How do you turn off JavaScript in Chrome using Developer Tools for debugging purposes?

I’m trying to test how a website behaves when JavaScript is disabled. Specifically, I want to simulate this directly in Google Chrome DevTools. What’s the best way to do this? I’m looking for a reliable method that answers how to turn off JavaScript in Chrome without affecting the whole browser permanently.

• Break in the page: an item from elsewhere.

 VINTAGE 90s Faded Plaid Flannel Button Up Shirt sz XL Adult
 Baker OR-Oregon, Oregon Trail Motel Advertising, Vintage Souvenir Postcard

I’ve been working with DevTools for over 6 years now, and yeah, disabling JavaScript temporarily is super handy for debugging or testing fallbacks. You can do it directly in Chrome DevTools without affecting the whole browser. Here’s how I usually do it:

  1. Open DevTools (F12 or right-click → Inspect).
  2. Click the three-dot menu (top-right) → Settings.
  3. In the sidebar, go to Preferences, scroll to Debugger.
  4. Check Disable JavaScript.
  5. Refresh the page.

This disables JavaScript only for that tab, so you don’t mess with global settings. Handy when testing how your app behaves when a javascript time function doesn’t fire properly. Just uncheck it to turn JS back on. :repeat:

Totally agree with @Ambikayache been using DevTools this way for accessibility audits and fallback testing for about 4 years. Just to build on that, there’s an even quicker way I use via the Command Menu:

  1. With DevTools open, press Ctrl+Shift+P (or Cmd+Shift+P on Mac).
  2. Start typing: Disable JavaScript.
  3. Select the option and hit enter.
  4. Refresh the page.

This is super fast if you’re jumping between tabs or testing how features fail gracefully. Especially useful when checking if something like a javascript time function fallback (like a countdown or delay) degrades correctly when JS is off. :no_entry_sign::stopwatch:

I’ve been doing front-end testing for nearly 8 years now, and if you’re thinking about longer-term JS disabling—maybe across sessions or for specific testing environments—you can go a step further:

Head over to: chrome://settings/content/javascript → Set JavaScript to Blocked by default, then whitelist sites where you want it enabled.

This is ideal when you’re stress-testing a site or simulating environments with JS restrictions—say, you’re checking how a javascript time function-based feature like lazy loading or timeout-triggered UI reacts when JavaScript is unavailable. But yeah, for one-off tests? DevTools is the fastest route.